Проклиная свою затею, Ильицкий все же добрался до кирпичного зданьица полустанка. У телеграфного аппарата сидел молодой человек. Поза его удивила Ильицкого. Сидел он, небрежно развалясь, в странно выглядевшем здесь мягком кресле с ободранной обивкой. Ленту принимал одной рукой, не глядя, и всей своей фигурой изображал глубокое презрение к этому занятию.
У него были короткие мясистые пальцы с утолщениями на концах, наподобие барабанных палочек. «А ведь это — особая примета!» — почему-то подумал Ильицкий.
Величественным жестом телеграфист указал поручику на табурет и выключил аппарат.
— Желаете? — Он извлек из-под стола бутылку водки, а из шкафчика, в котором виднелись папки с бумагами, достал банку с огурцами, французскую булку и кусок чайной колбасы. Положив все на стол, телефонист привстал и отрекомендовался: — Ромуальд Марцинковский, почтово-телеграфный служащий.
Ильицкий с интересом рассматривал нового знакомого. Ночь предстояла длинная: выжидали, пока рассосется «пробка» на ближней станции. Несомненно, провести ночь с Ромуальдом было занятнее, чем страдать от бессонницы в купе.
Сначала поручику показалось, что перед ним тот типичный телеграфист, который носит черную пелерину с застежками в виде львиных морд, играет на гитаре и сводит с ума местных девиц. На эту мысль наводили крупно вьющиеся, черные как смоль волосы и лихо закрученные тонкие усики.
Потом Ильицкому вдруг увиделось в лице Ромуальда, — впрочем, поручик был уверен, что имя это вымышленное, — что-то знакомое, кого-то он напоминал. Только хватив стакан водки, поручик установил совершенно точно, что Ромуальд как две капли воды схож с Демоном, и именно с тем, которого Ильицкий видел как-то в Смоленске на спектакле местного театра. Только у Марцинковского все было помельче: и рост, и стать. И тут-то поручик заметил, что Ромуальду, пожалуй, уже под сорок. Но и Демон был пожилой. Это сходство рассмешило Ильицкого. Сразу стало ему весело, и он уже с удовольствием смотрел, как телеграфист наполняет стаканы, сосредоточенно сдвигая жирные запятые бровей.

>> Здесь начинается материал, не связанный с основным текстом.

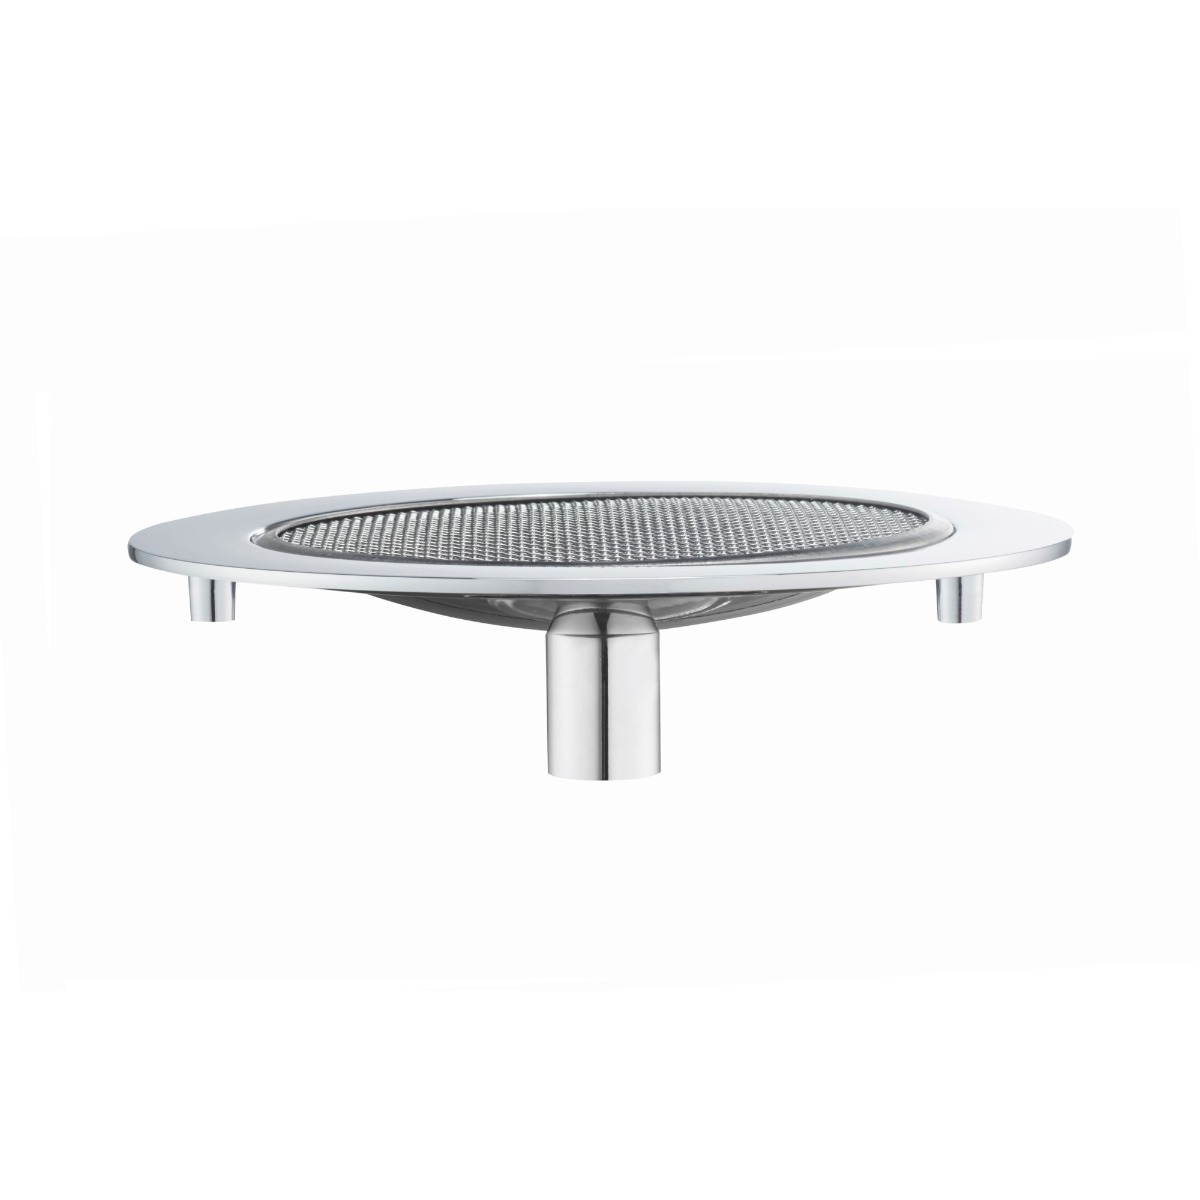 Zip HydroTap Separate Tap Font and Drip Tray in Bright Chrome 93441UK

Разговор завязался легко, и чем дальше, тем казался Ильицкому занимательнее.
Марцинковский говорил быстро, выплевывая слова, как семенную шелуху.
Речь шла, естественно, о войне.
— Война есть напряжение всех сил нации, это неоспоримо, — ораторствовал Марцинковский, не потеряв важности и после второго стакана. — Силы же нации есть простое слагаемое сил тысяч индивидуумов. Это оскорбляет меня.
Ильицкий удивленно поднял брови.
— Непонятно? Ну, допустим, вы, несколько человек, катите тяжелую бочку. В общем усилие ваше личное — весьма заметно. Опусти руки один из вас, и остальные, может быть, и не осилят тяжести бочки. Но представьте себе, что несколько десятков человек поднимают тяжесть. Здесь уже пройдет незамеченным фокус с опусканием рук в решающий момент. Что же говорить об усилиях отдельного индивидуума, — телеграфист произносил это слово с ударением на втором «у», — в таком большом деле, как война? Вот почему я не прочь катить бочку, но не желаю идти на позиции, — гордо заключил Ромуальд и откинулся на спинку кресла.
Ильицкий спросил, не скрывая насмешки:
— Кто же вам мешает проявить себя так, чтобы ваше «усилие», как вы выражаетесь, было замечено? Ну, совершить какое-нибудь геройство?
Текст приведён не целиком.